Yoshie Furuhashi wrote:


> New York Times 17 September 2000
>
> Overtime Rises, Making Fatigue a Labor Issue
>
> By MARY WILLIAMS WALSH
>
> In his last two and a half days of life, Brent Churchill slept a
> total of five hours. The rest of the time he was working.
>
> Mr. Churchill, a lineman on call one stormy weekend for Central Maine
> Power, worked two back-to-back shifts on Friday, went to bed at 10:30
> p.m., was called back at 1 a.m. Saturday, caught a quick nap around
> dawn and went back to his job clambering up and down poles for almost
> 24 hours straight. Taking a break for breakfast on Sunday morning, he
> got yet another call.
>
> At about noon, he climbed a 30-foot pole, hooked on his safety straps
> and reached for a 7,200-volt cable without first putting on his
> insulating gloves. There was a flash, and Mr. Churchill was hanging
> motionless by his straps. His father, arriving before the
> ladder-truck did and thinking his son might still be alive, stood at
> the foot of the pole for more than an hour begging for somebody to
> bring his boy down.
>
> The death of a 30-year-old lineman from remote Industry, Me., might
> have gone unnoticed beyond family, friends and the woman he had
> planned to marry in June, but for a coincidence: Mr. Churchill
> happened to die at a time of heightened public concern about the
> expanding workweek - a time, in fact, when the Maine legislature had
> been debating whether to cap the amount of mandatory overtime allowed
> in the state.
>
> The bill was not exactly a clarion call for worker ease, placing the
> overtime limit at 96 hours within any three-week period. The governor
> had already vetoed two versions, and there had not been enough votes
> in the Senate to override him.
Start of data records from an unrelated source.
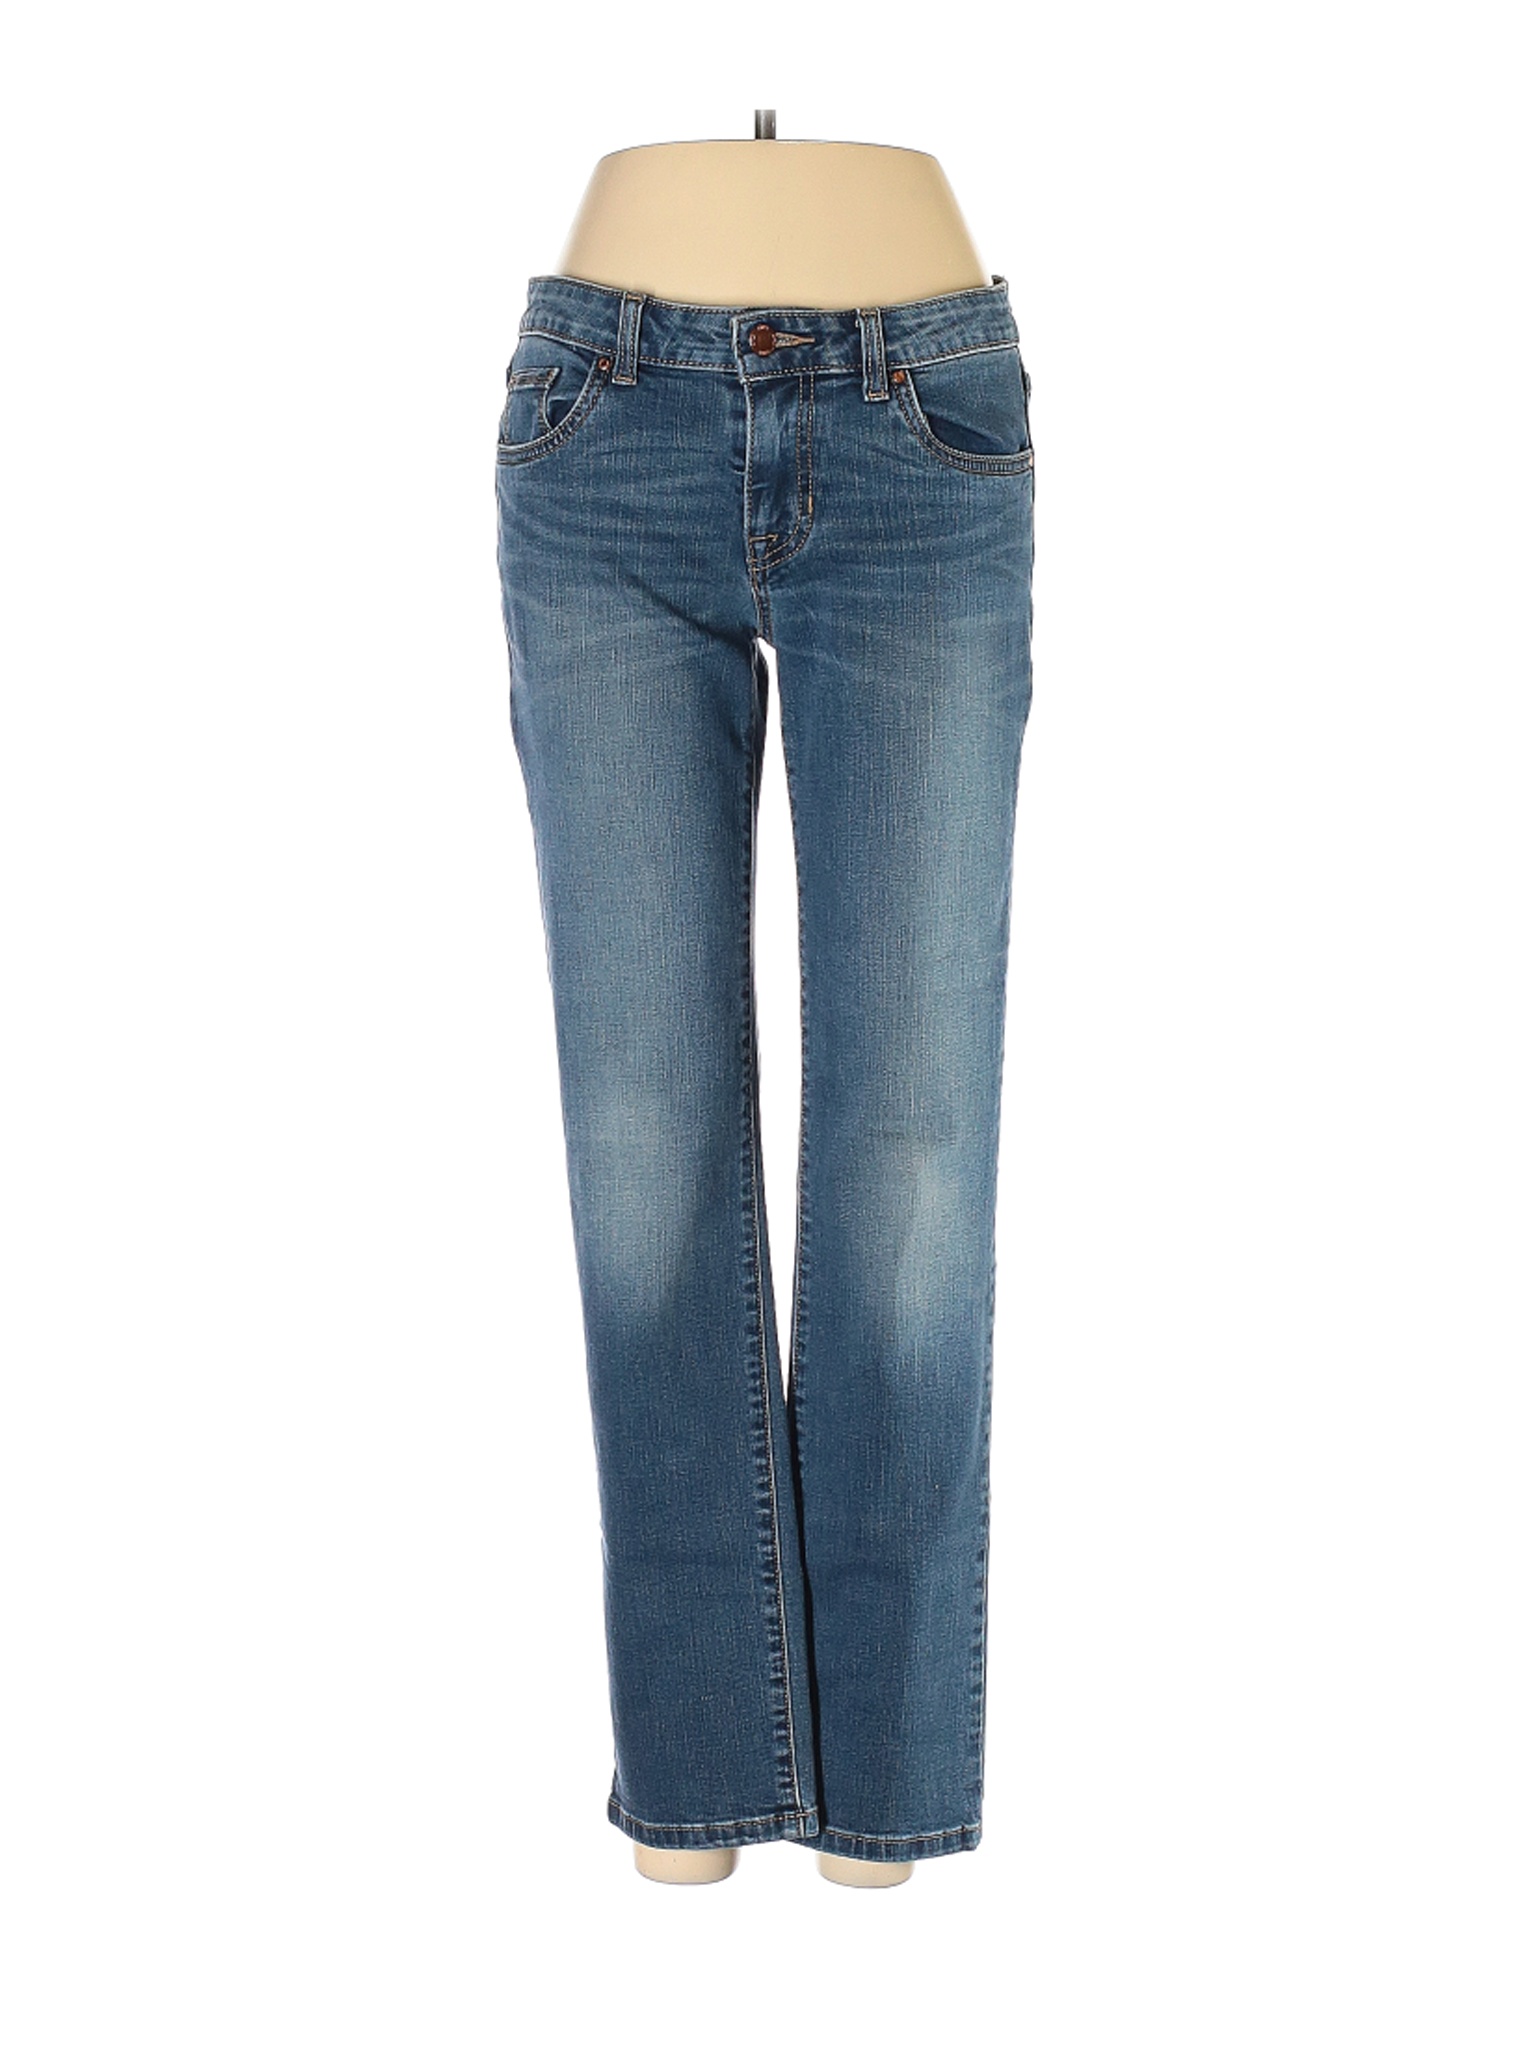 Apt. 9 Women Blue Jeans 4 | eBay
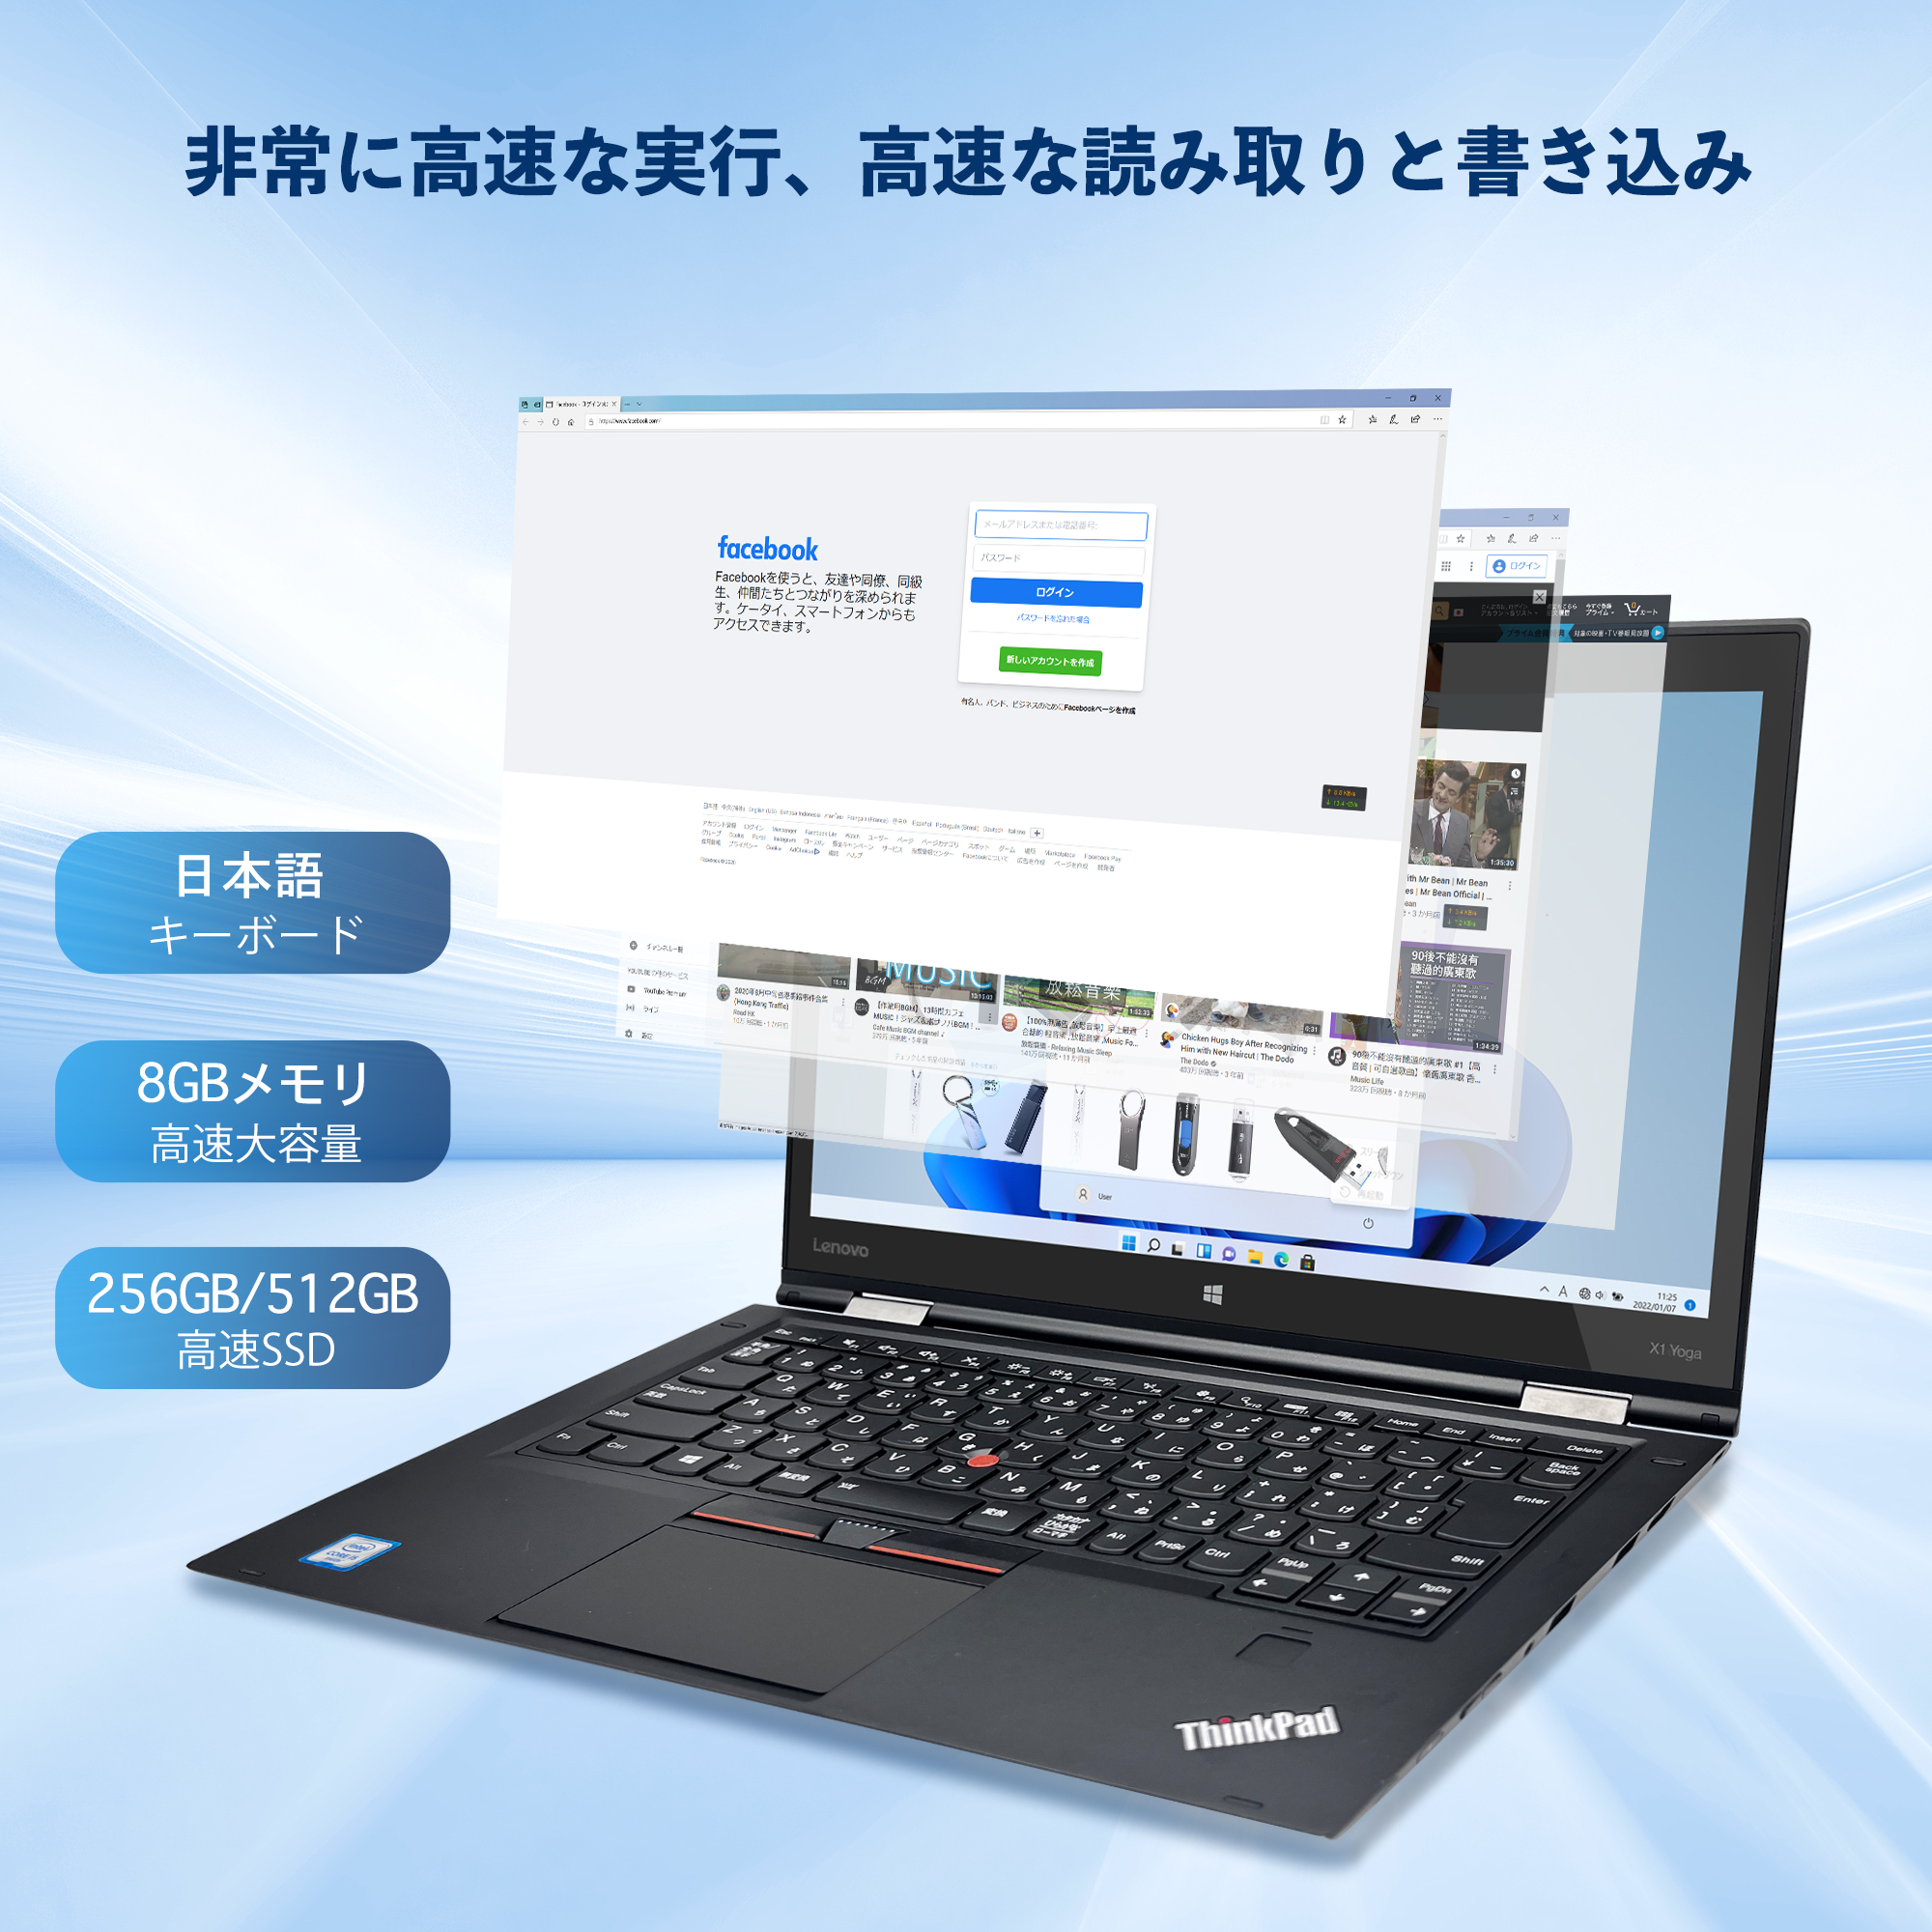 中古 ノートパソコン ノート PC office付き Windows11搭載LENOVO ThinkPad X1YOGA Core i5 8GB SSD256GB 512GB タッチ対応14型 FHD 2in1 WebカメラX1Yoga
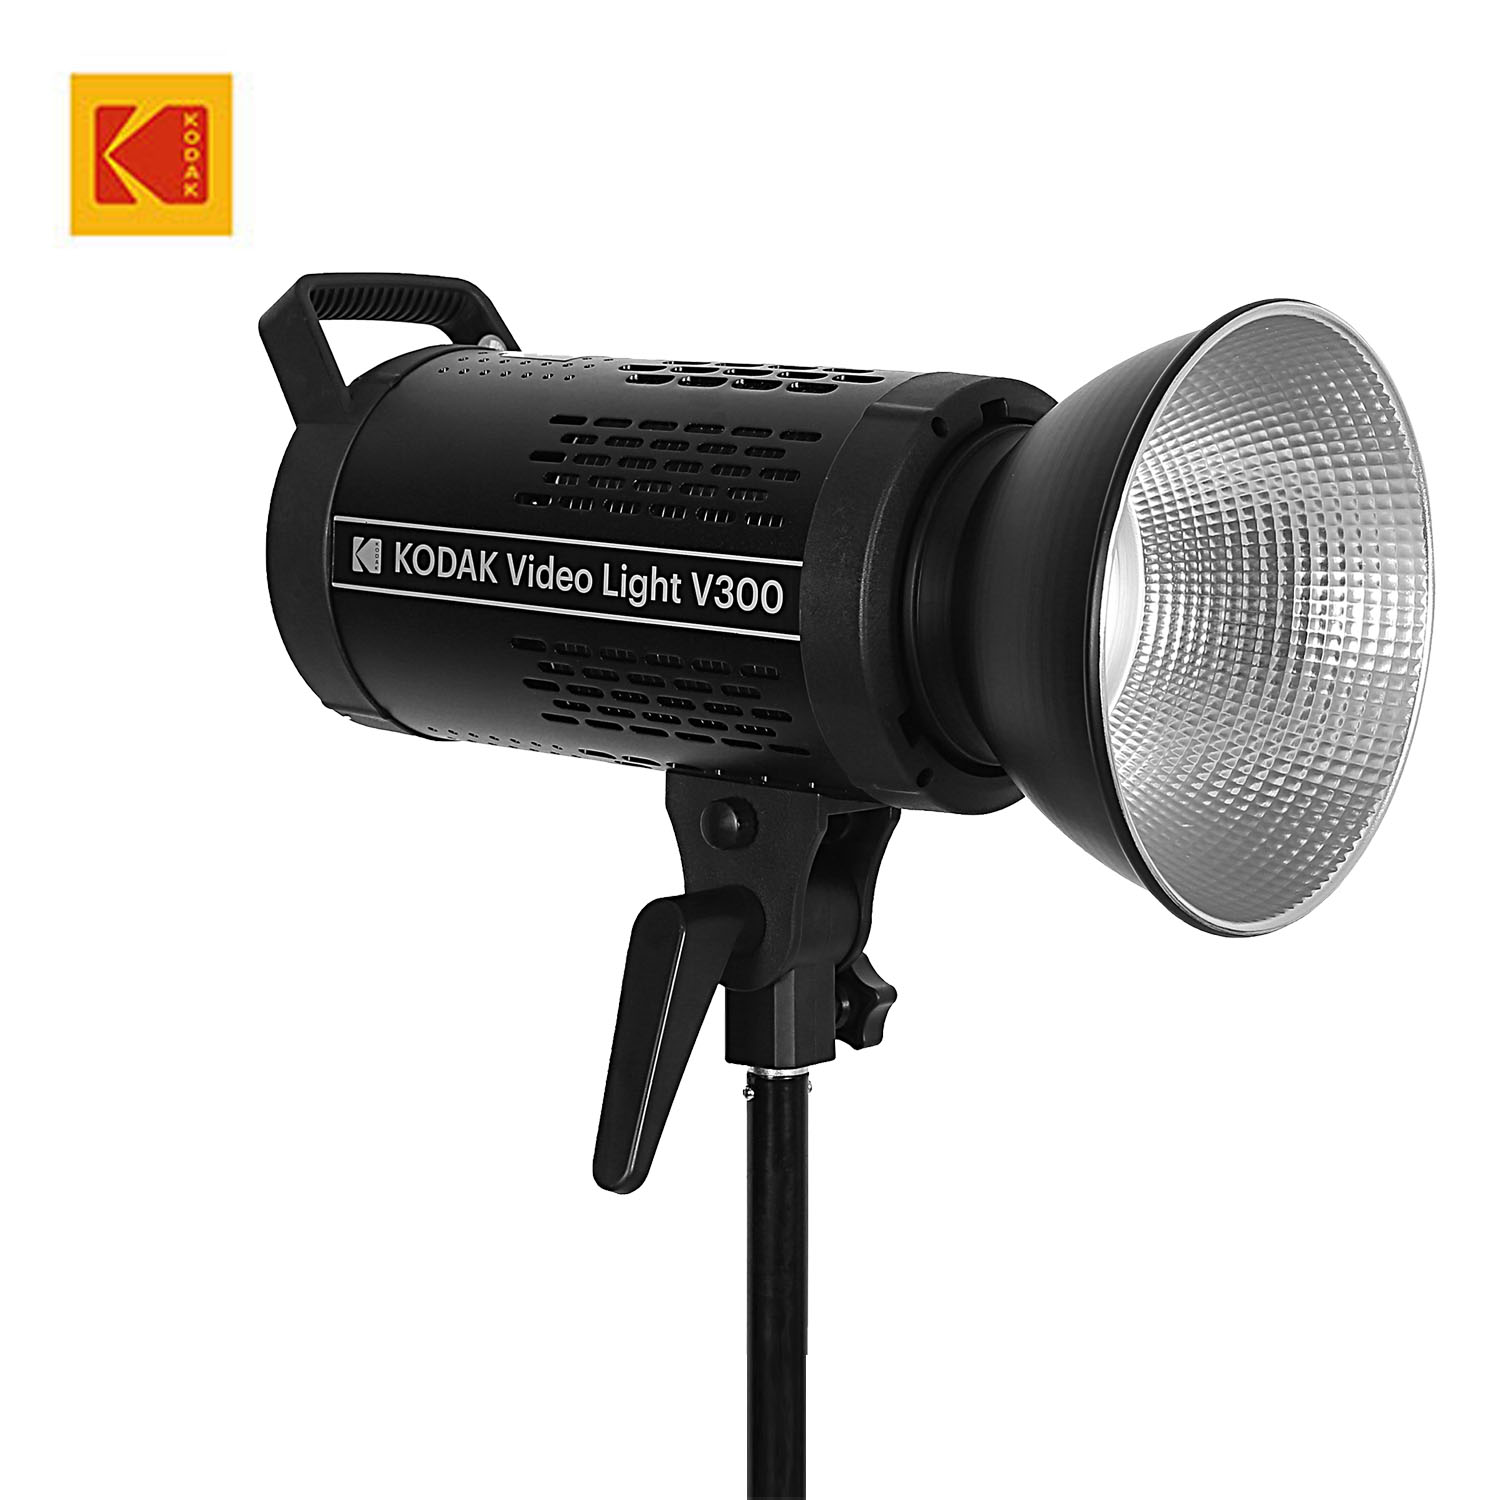 KODAK Video Light V300

But the outcry over Mr. Churchill's
> death lent new momentum to efforts to cap overtime. The lawmakers
> compromised on a cap of 80 hours in any two-week period, and in May,
> Maine became the first state in the nation to limit the number of
> hours an employee can be required to work.
>
> But it is not the first to recognize the problem of physical
> exhaustion on the job in the tightest labor market in almost half a
> century. Although Maine faced an especially stark catalyst in Mr.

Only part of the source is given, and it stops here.